As we can see now the length of the reveiws are same.

In [13]:
train_review[0]

array([    1,    14,    22,    16,    43,   530,   973,  1622,  1385,
          65,   458,  4468,    66,  3941,     4,   173,    36,   256,
           5,    25,   100,    43,   838,   112,    50,   670, 22665,
           9,    35,   480,   284,     5,   150,     4,   172,   112,
         167, 21631,   336,   385,    39,     4,   172,  4536,  1111,
          17,   546,    38,    13,   447,     4,   192,    50,    16,
           6,   147,  2025,    19,    14,    22,     4,  1920,  4613,
         469,     4,    22,    71,    87,    12,    16,    43,   530,
          38,    76,    15,    13,  1247,     4,    22,    17,   515,
          17,    12,    16,   626,    18, 19193,     5,    62,   386,
          12,     8,   316,     8,   106,     5,     4,  2223,  5244,
          16,   480,    66,  3785,    33,     4,   130,    12,    16,
          38,   619,     5,    25,   124,    51,    36,   135,    48,
          25,  1415,    33,     6,    22,    12,   215,    28,    77,
          52,     5,

As you can see extra padding is added at the end of the review.
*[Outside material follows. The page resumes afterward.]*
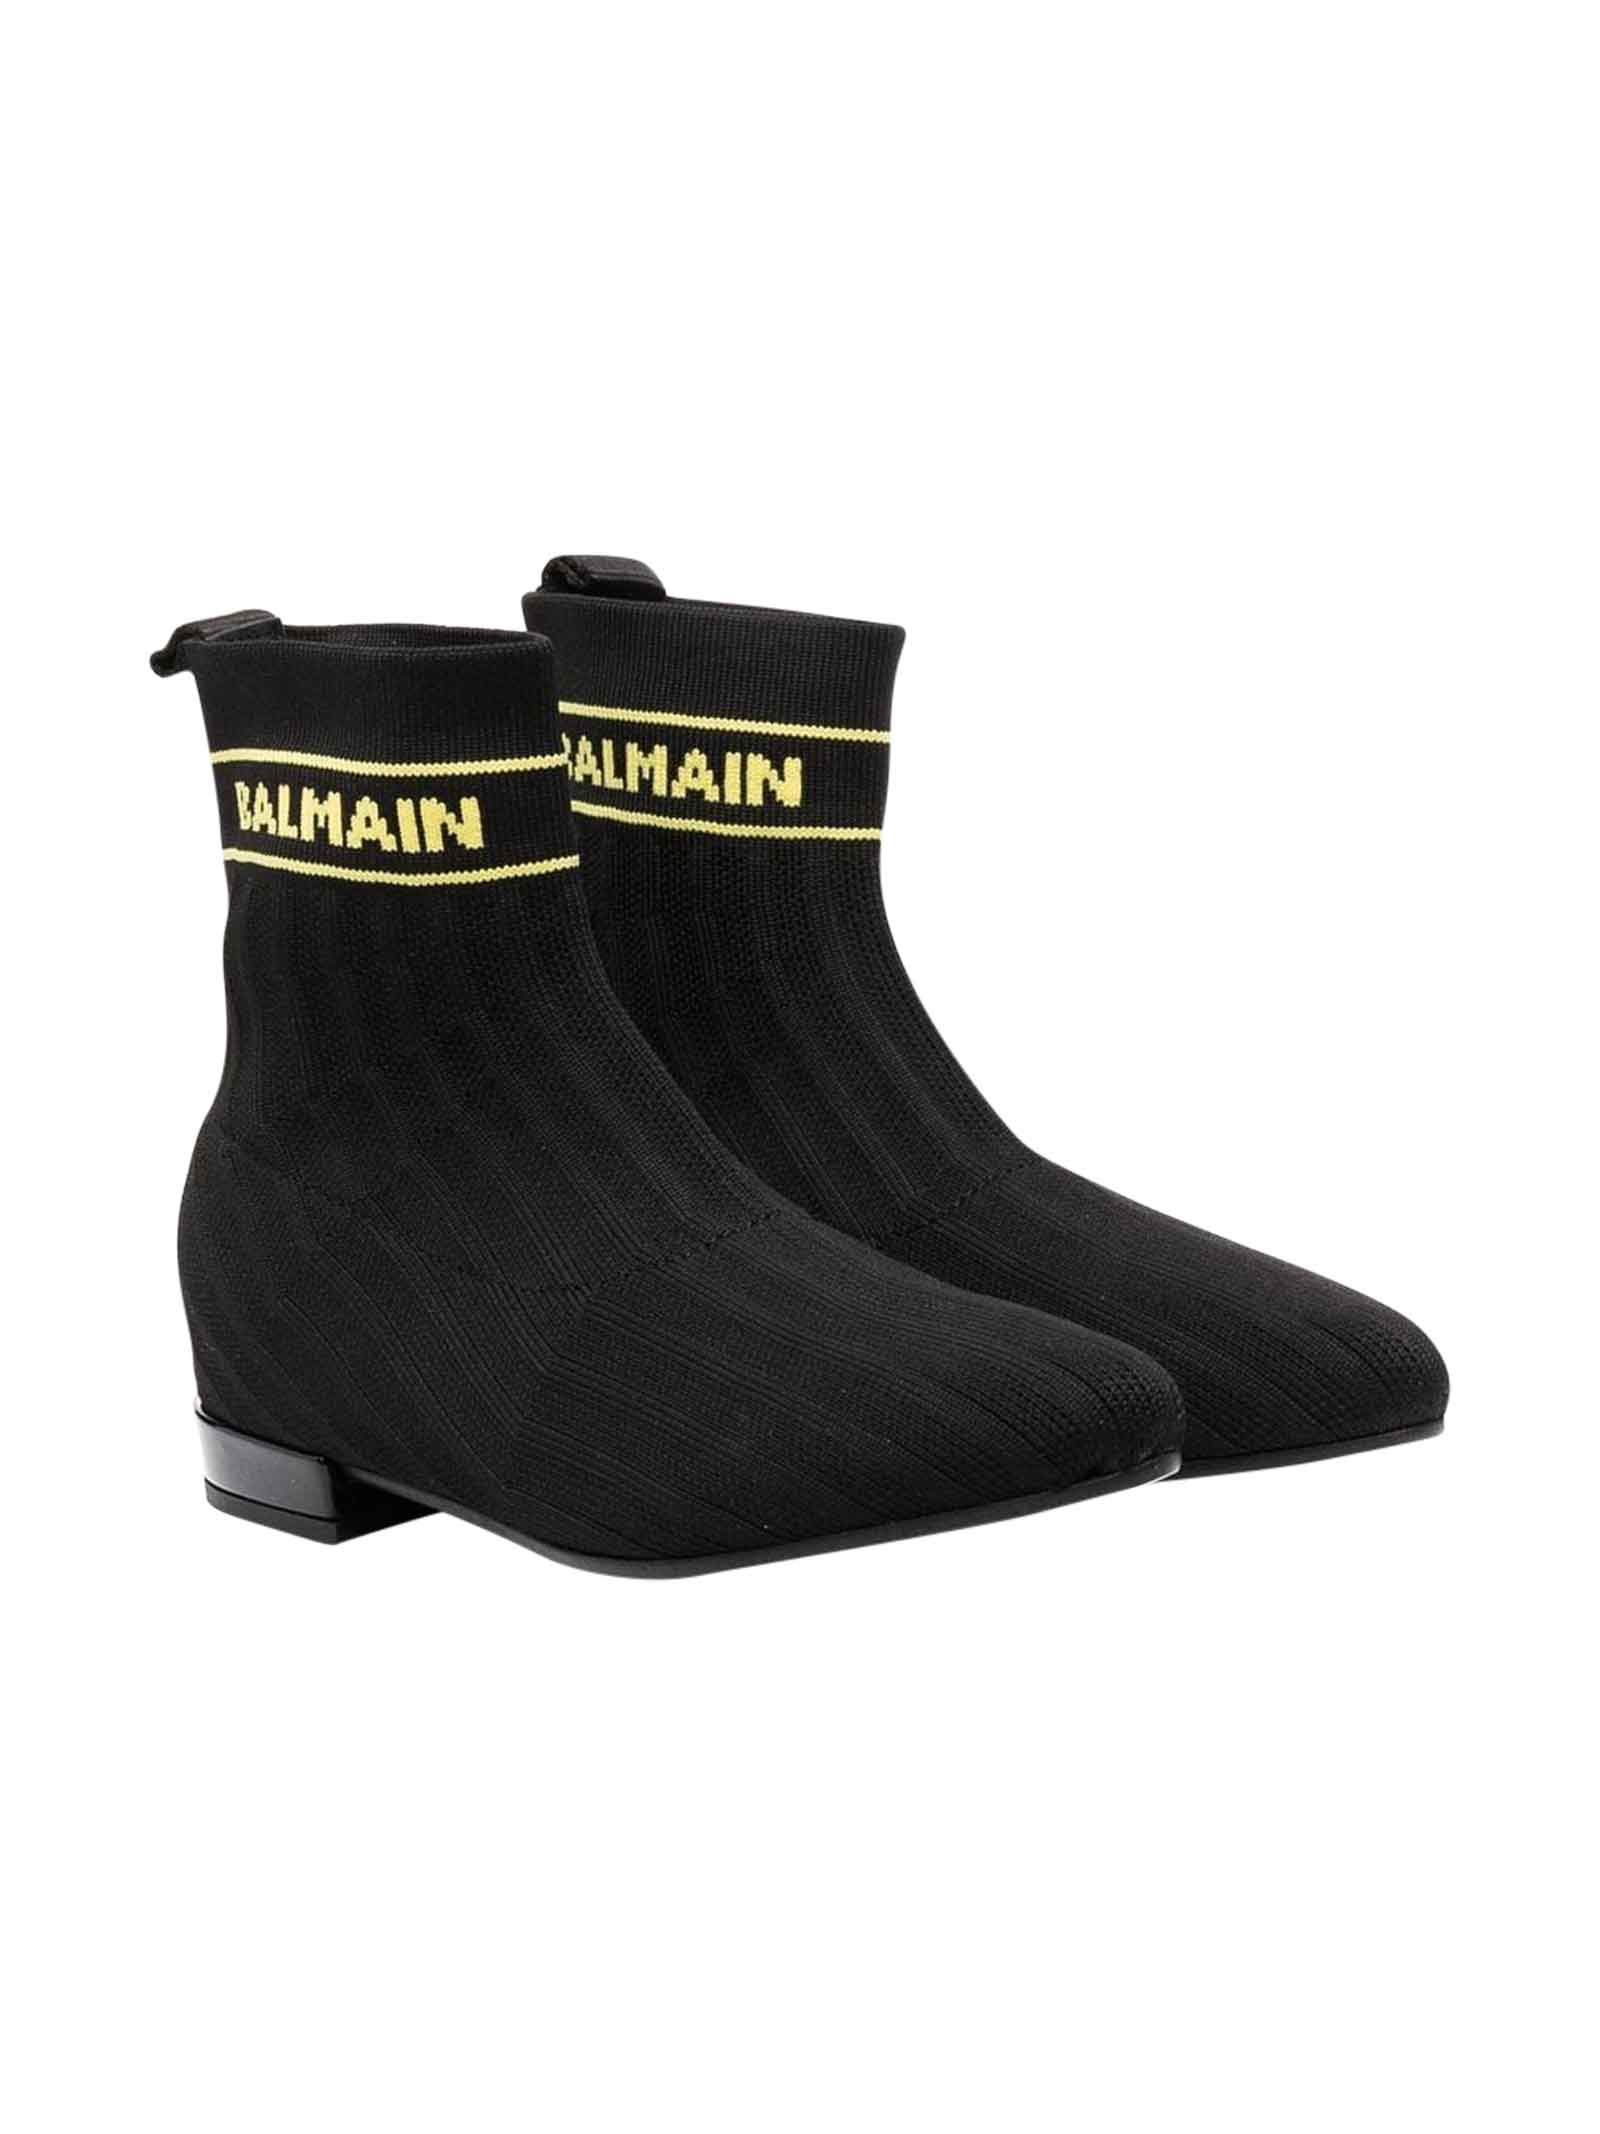 Balmain Black Ankle Boots

Now we can build are model.

In [14]:
# creating validation set and updating the train set too!
# first 10'000 are validation reviews and rest are for training
val_review = train_review[:10000]
val_labels = train_labels[:10000]

train_review = train_review[10000:]
train_labels = train_labels[10000:]

In [15]:
vocab_size = 100000 # input shape is the vocabulary count for the movies

# we develope a sequential model: stack based model
model = keras.Sequential([
    keras.layers.Embedding(vocab_size, 16), # look up for the embedding
    keras.layers.GlobalAvgPool1D(), # create a fixed length 1D vector
    keras.layers.Dense(16, activation=tf.nn.relu), # make value ranges between 0 - infinite
    keras.layers.Dense(1, activation=tf.nn.sigmoid) # make value range from 0-1
])

# get the model architecure
model.summary()

# compile the model: basically glue the model together
model.compile(optimizer=tf.train.AdamOptimizer(),
              loss = keras.losses.binary_crossentropy,
              metrics = ["accuracy"])

# fit our model to the training data
model.fit(train_review,
          train_labels,
          epochs = 20, # 20 times the whole data is trained
          batch_size = 64, # 256 reviews at a time
          validation_data = (val_review, val_labels)) # check performance on validation dataset

# evaluate the model on the test data
model.evaluate(test_review, test_labels)

_________________________________________________________________
Layer (type)                 Output Shape              Param #   
embedding_1 (Embedding)      (None, None, 16)          1600000   
_________________________________________________________________
global_average_pooling1d_1 ( (None, 16)                0         
_________________________________________________________________
dense_1 (Dense)              (None, 16)                272       
_________________________________________________________________
dense_2 (Dense)              (None, 1)                 17        
Total params: 1,600,289
Trainable params: 1,600,289
Non-trainable params: 0
_________________________________________________________________
Train on 15000 samples, validate on 10000 samples
Epoch 1/20
Epoch 2/20
Epoch 3/20
Epoch 4/20
Epoch 5/20
Epoch 6/20
Epoch 7/20
Epoch 8/20
Epoch 9/20
Epoch 10/20
Epoch 11/20
Epoch 12/20
Epoch 13/20
Epoch 14/20
Epoch 15/20
Epoch 16/20
Epoch 17/20
Epoch 18/20
Epoch 1

[0.3299652925682068, 0.87596]

The resultant evaluation results in two values: loss and accruacy respectively. As we can see that out training accuracy is way more than the validation accuracyand testing accuracy. The gap shows that the model is overfitting - model is learning non important patterns and not generalizing to work on new data.